University Struggles With Pandemic-Related Staffing Shortages

As students returned to a campus with far fewer restrictions in August with Colgate’s vaccine mandate in effect, departments across campus have struggled to keep up with the return to heightened operations due to widespread staffing shortages — an issue plaguing this transition at colleges and universities across the country.

Don Stanwick, the resident district manager of Dining Services, said that shortages have plagued dining services since the start of the academic year — operating at 50% of their usual staffing levels since August 2021. 

“We were short almost 65 people to what our normal staff was,” Stanwick said. “We’ve worked hard to get staff hired, and we’ve hired a few [employees], but we’re still probably close to running 30 [people] short.” 

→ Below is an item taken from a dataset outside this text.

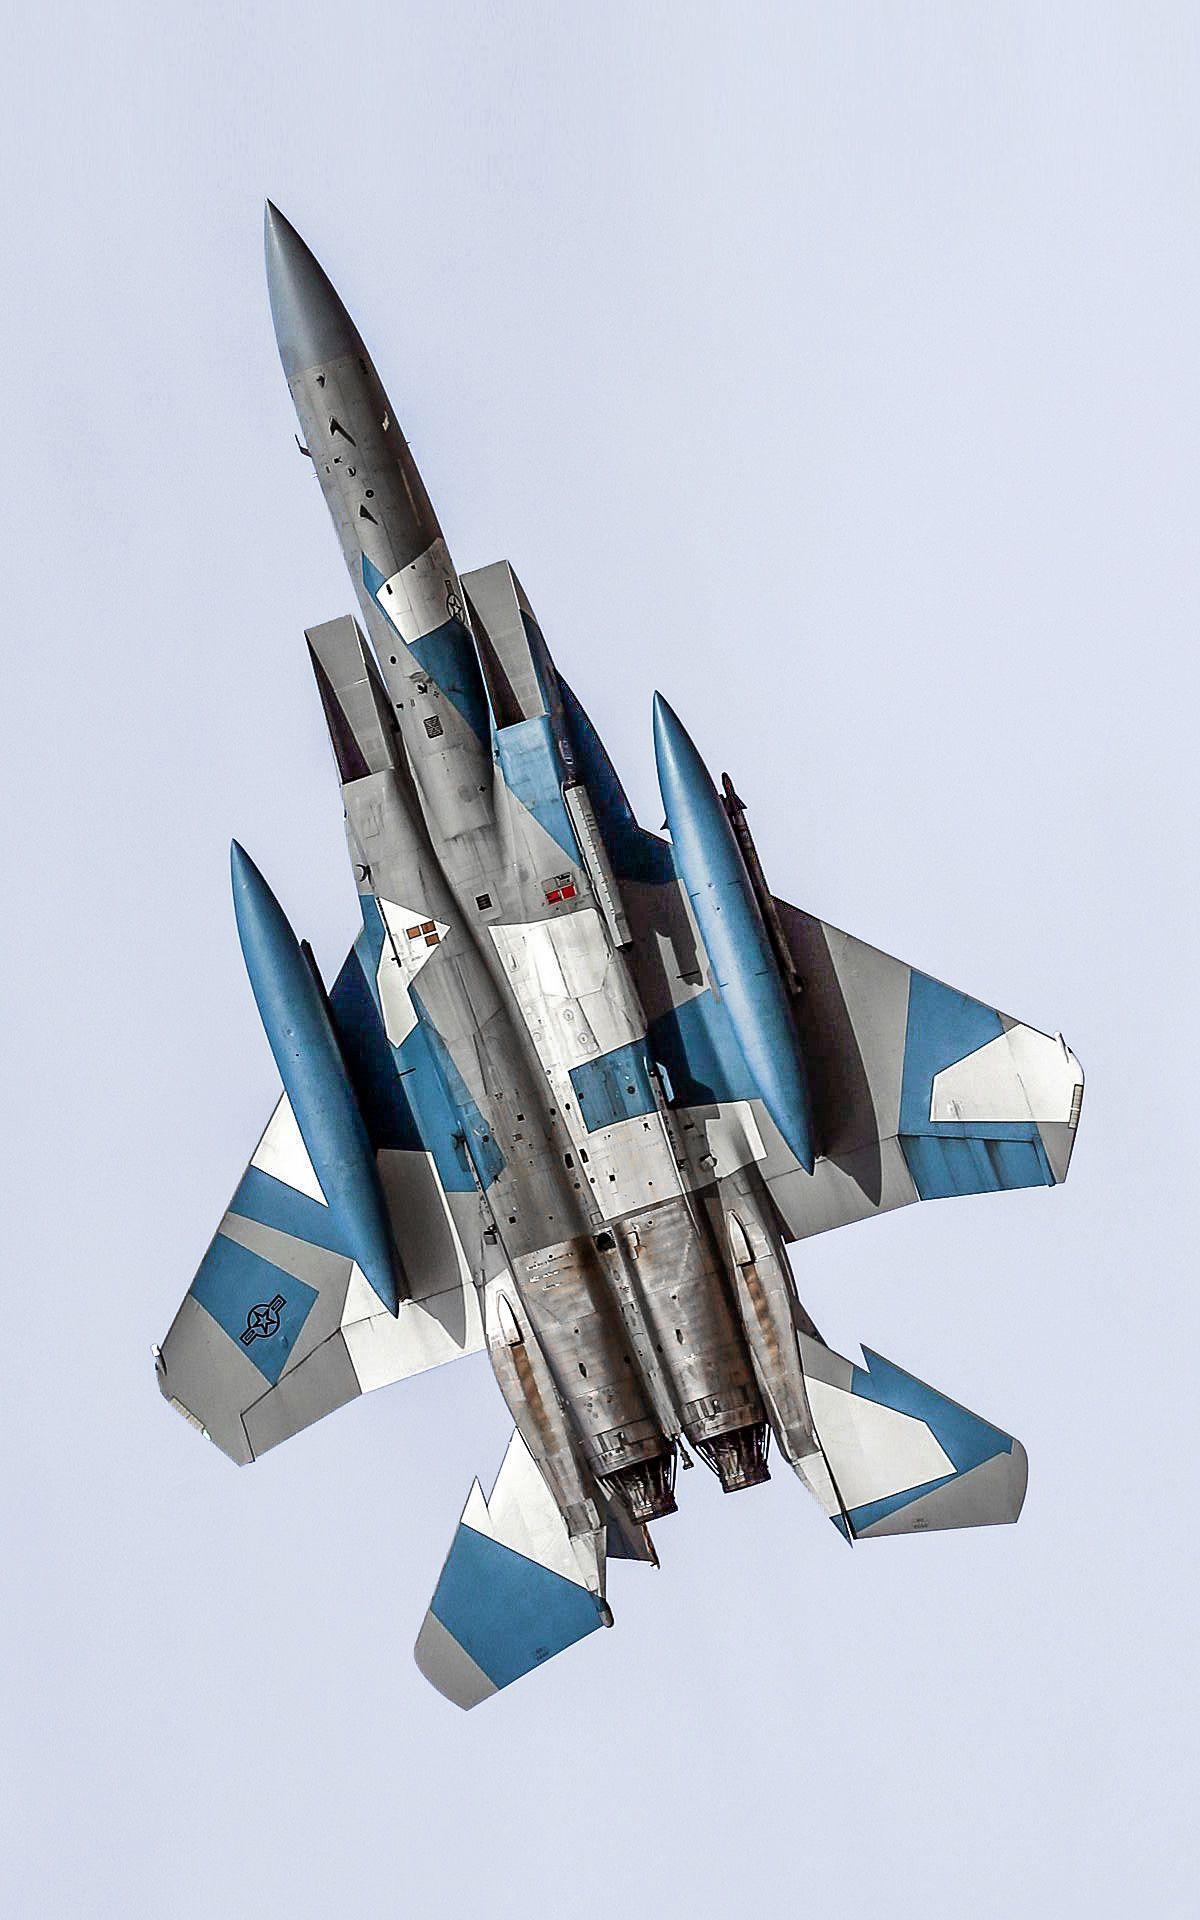 F-15 Aggressor www.Χαθηκε.gr ΔΩΡΕΑΝ ΑΓΓΕΛΙΕΣ ΑΠΩΛΕΙΩΝ r ΔΩΡΕΑΝ ΑΓΓΕΛΙΕΣ ΑΠΩΛΕΙΩΝ FREE OF CHARGE PUBLICATION FOR LOST or FOUND ADS www.LostFound.gr

Student employment hired a record number of Colgate students to fill these positions across dining locations on campus this year, including Chobani Cafe, Donovan’s Pub, and the coffee stand in Frank Dining Hall. 

“The goal is to continue to try to build student employment opportunities, and even give students opportunities for after graduation,” Stanwick said.

While Colgate’s staffing shortages have impacted campus operations, they are far from unique — staffing shortages are plaguing higher education institutions, particularly in dining and food operations, but across the board as well. The trend was pushed by a return to scaled-up on-campus operations this academic year after pandemic-related reduced capacities the year prior, a trend the Chronicle of Higher Education described as higher education’s “rocky reboot,” exacerbated by supply chain issues.

“We are in an all-out battle to keep our staffing levels up,” President Brian Casey told the Maroon-News in February, noting that staffing levels made Colgate’s check-in and testing protocols upon return to campus for the spring semester challenging. “The [check-in] staffing was hard, and staffing in general at the university is hard.”

Casey added that the shortages have spilled over into Colgate-owned businesses in the town of Hamilton — the Tavern at the Colgate Inn is not currently serving food on Tuesdays and Wednesdays as a result. 

“They don’t have the people — [the issue] is everywhere,” Casey said. “I was on the phone with another college president and one-third of their positions are empty — one-third — and this is a big metropolitan university.”

Locally-owned Hamilton businesses have also faced staffing shortages since the pandemic’s onset — Rye Berry owners Krista and Patrick Gramens said in their announcement that ongoing staffing issues went into their decision to close the business after serving as a community staple for the last four years. Flour & Salt owners Britty and Brendan O’Connor, who plan to take over Rye Berry’s space on Lebanon Street around the corner from their Maple Avenue location, have also been candid on Flour & Salt’s social media about the impact of staffing shortages on business operations.

Although increases in student employment have aided in filling positions, the staffing issues are far from over, as Dining Services and other departments, including Building and Grounds, continue to face issues.

“It’s been really tough with all the shortages in staffing but I’m really proud of our B&G team for all the hard work with such short staff,” Associate Vice President for Facilities and Capital Projects Stephen Hughes said.

Director of Campus Safety Terri Stewart said the shortage has left the department short an officer and an administrative team member, positions Campus Safety is currently beginning the search to fill.

As the issue is impacting staff departments across campus, students are also feeling the impacts of shortages. First-year Caroline Harlow said she’s noticed dining services staff stretched thin, having to perform multiple jobs at once.

“The other day in Frank [Dining Hall], I had to wait 10 minutes for the person to swipe my card because they were working the coffee station, too,” Harlow said.

While shortages represent a nationwide trend in higher education, Stanwick said finding employees is particularly difficult for dining services given Colgate’s rural location.

“The area really plays a big part in it, and why we probably struggle more than some of the other [insitutions] that might be in a more populated area,” Stanwick said.

As dining services saw an uptick in employment applications beginning in January, and as many pandemic-related restrictions are lifted on campus and statewide, there are signs things may be changing. 

“That fills me with hope — as we move forward — that there’s going to be more people in the job market looking for different positions,” Stanwick said.

But as the pandemic continues to disrupt industries nationwide, the university continues to deal with shortages across student employment, temporary staffing agencies and reduced hours, according to Stanwick.

Karenna Warden and Kirby Goodman contributed to reporting.